ACTIVITY:
An exact transcription of the listing, without its images, is what the answer must contain.

COLLECTED DATA:

★ ★ ★ ★ ★ ★ ★

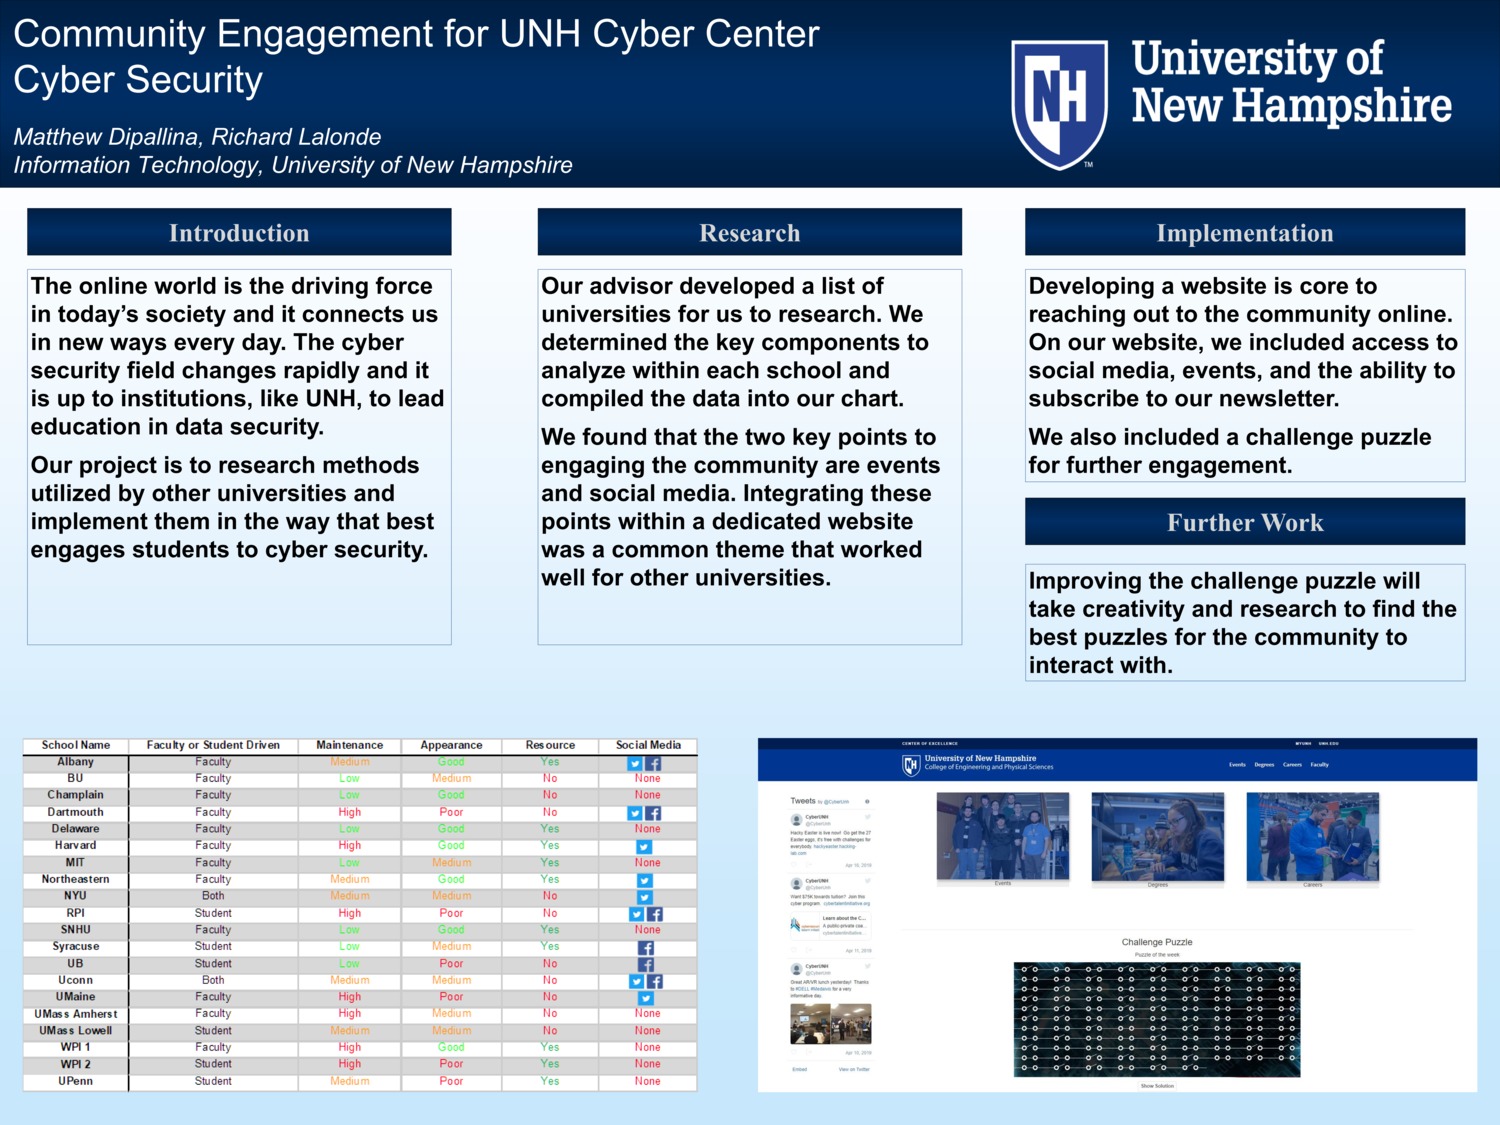 Community Engagement For Unh Cyber Center by mrd1016
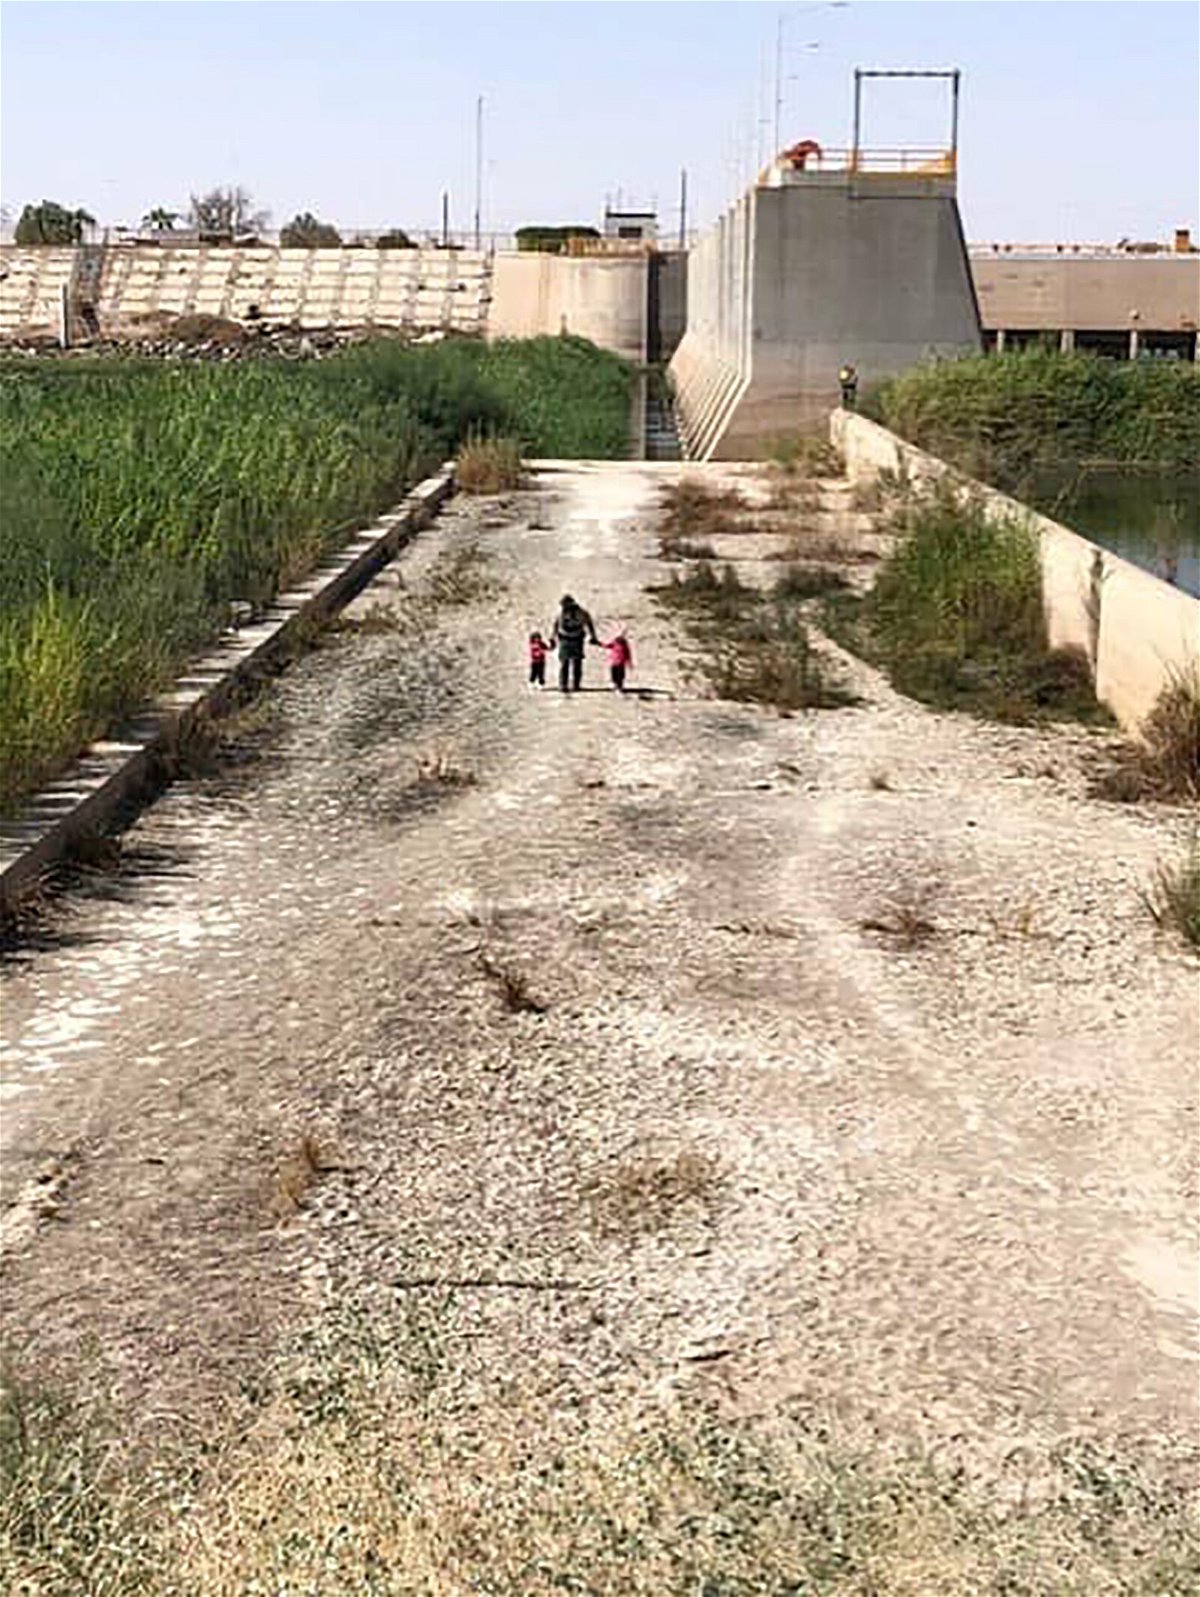 <i>US Border Patrol</i><br/>A US Border Patrol agent is seen walking with two young sisters found on October 12
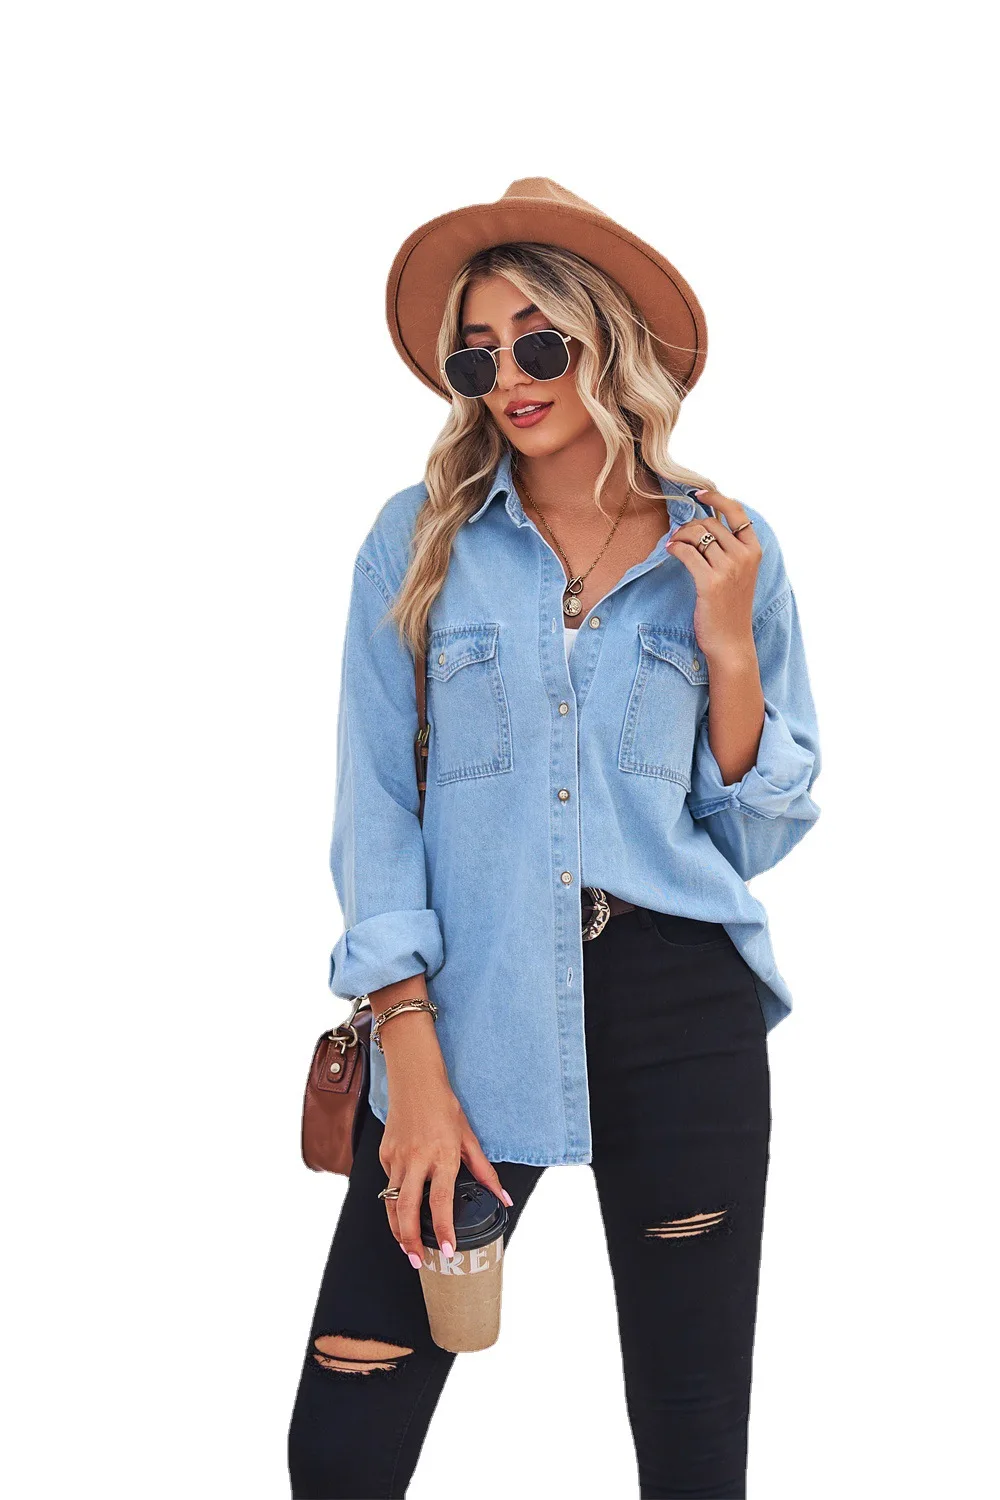 

2023 Fall/Winter New Fashion Denim Shirts For Women Slim Fit Long Sleeve Thin Jeans Coat Casual Female Clothing S-XL Drop Ship

★ ★ ★ ★ ★ ★ ★

RESPONSE AREA:
 Community Engagement For Unh Cyber Center by mrd1016
 <i>US Border Patrol</i><br/>A US Border Patrol agent is seen walking with two young sisters found on October 12

2023 Fall/Winter New Fashion Denim Shirts For Women Slim Fit Long Sleeve Thin Jeans Coat Casual Female Clothing S-XL Drop Ship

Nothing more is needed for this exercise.